Hello Fleet. We have recently been experiencing some performance issues with our AWS elasticache redis instance. We are running fleet 3.13.3 with just shy of 40,000 nodes registered. Redis Engine CPU usage has been high for a while but then started to spike to 100% for ~4min, then drop down to 60% for ~3 min, then back up. This would cause the Fleet UI to behave very erratically.
We traced the issue to our distributed interval which was set to 30 sec. Once we increased that to 120, redis engine CPU dropped to basically 0 (just under 1%). it seems clear that the 40,000 nodes checking in every 30 seconds was just too much to for redis to handle, though we scaled this to a very large instance when troubleshooting - cache.r6g.16xlarge.
Couple of questions - it seems clear that the check ins that osquery clients do when pinging fleet to look for distributed queries to run definitely hit redis. What exactly is the check in doing and has this been tuned in more modern versions of fleet?
Anyone out there with sizable osquery / Fleet installations have thoughts on what's a 'best practice' for the distributed interval setting? Do enterprise Fleet users generally never run distributed queries and instead take the time to always build packs, or are people just setting the interval in the couple min range and dealing with the delay to get results from ad-hoc UI queries?
04/12/2022, 12:11 AM
Hi Dan, quite a few performance improvements were made since 3.13.0 (btw, I can't find evidence that we published a 3.13.3, are you sure that's the version you are on?)
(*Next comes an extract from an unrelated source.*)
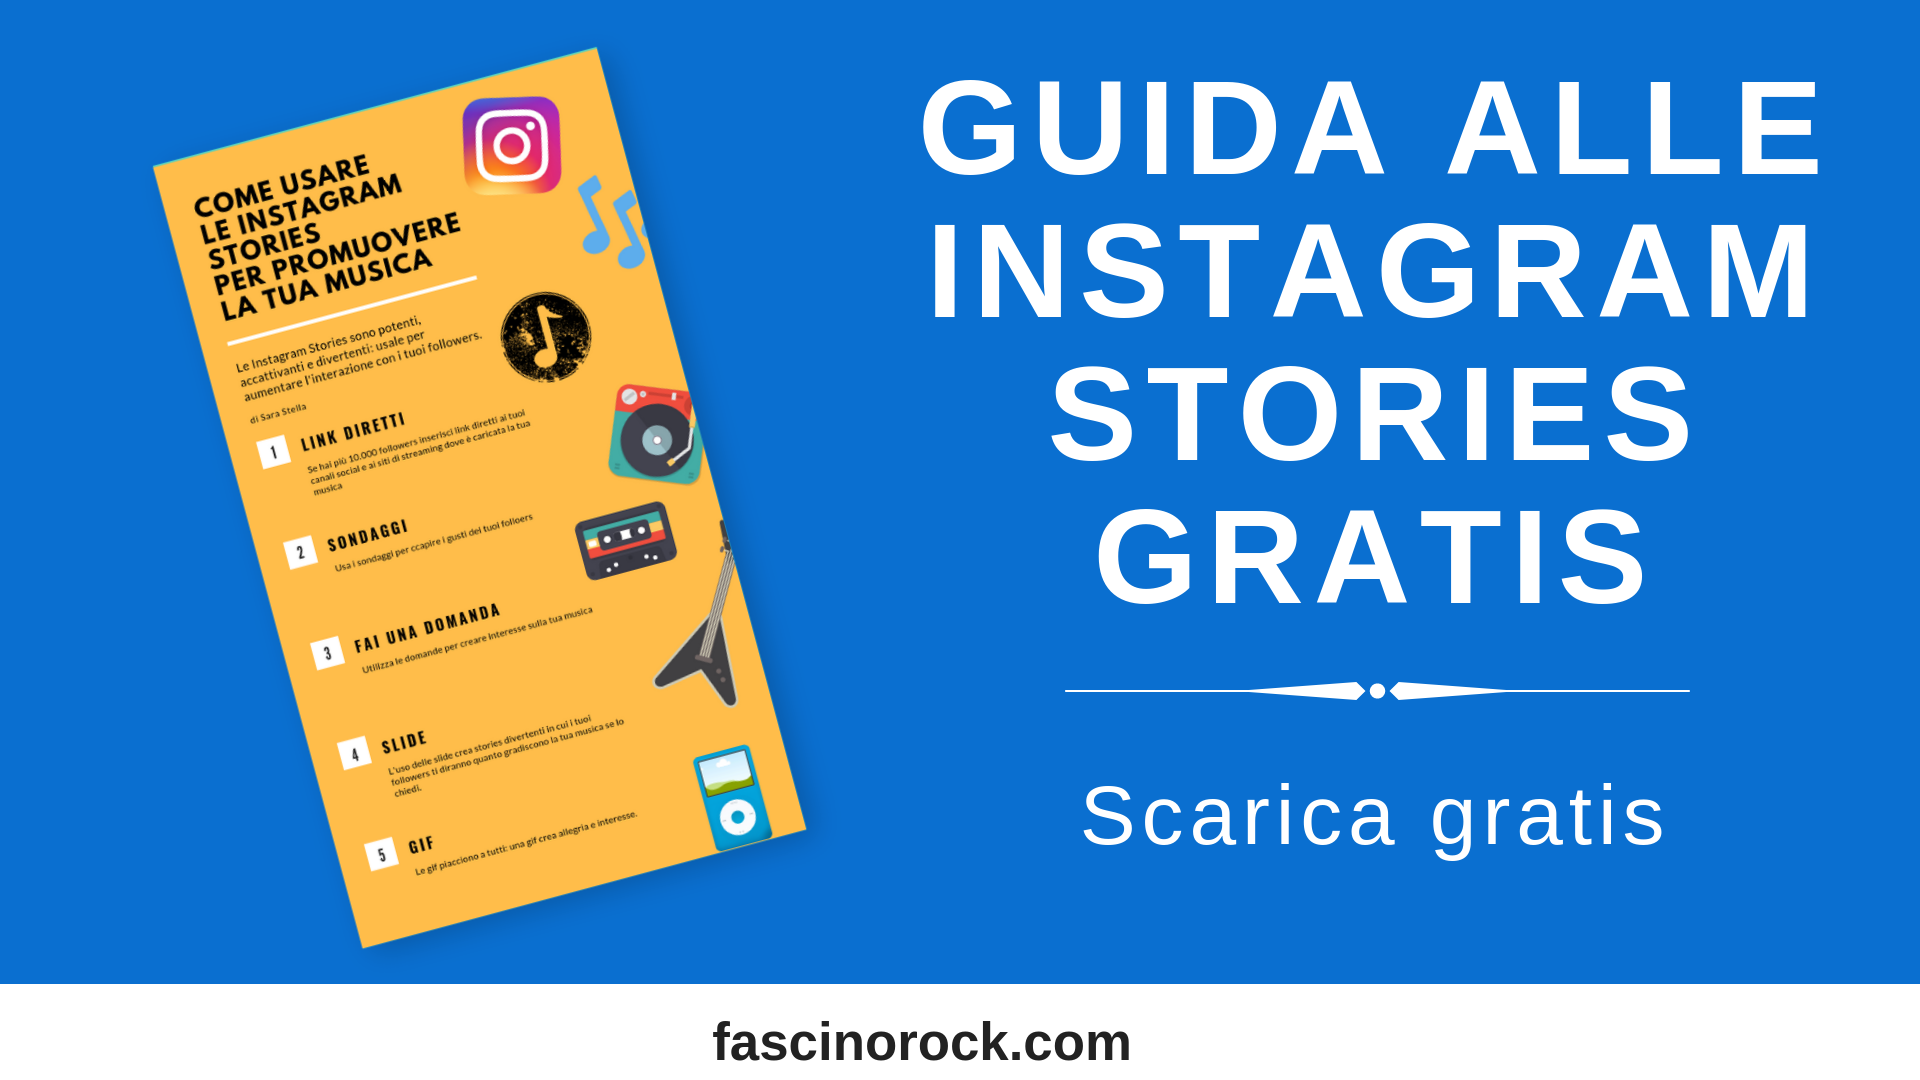 Come Usare Le Instagram Stories Per Promuovere La Tua Musica Fascino Rock

Clients hit Redis to determine what, if any, live queries they should run.
We've run quite a few more than 40,000 clients on a fairly moderate Redis instance in our recent load tests (https://github.com/fleetdm/fleet/blob/main/CHANGELOG.md#load-test-infrastructure), with the hosts configured on a 10s
Overall, I'd strongly recommend upgrading as a lot has changed in a year!
04/12/2022, 4:02 PM
also, sorry - 3.13.0
@zwass - would creating labels impact redis or is that all just at the DB. We do have a lot of labels and I think the way we create / recreate them is not super efficient currently, so we are thinking about how to do that better
04/12/2022, 4:29 PM
Labels should be DB only.
04/12/2022, 4:53 PM
one last question zach - when we upgrade to 4.something, which we plan to, we will go to a clustered redis. any rule of thumb on how many primaries to use per X # of machines? Something like - 1 primary redis node per 100,000 machines (for example).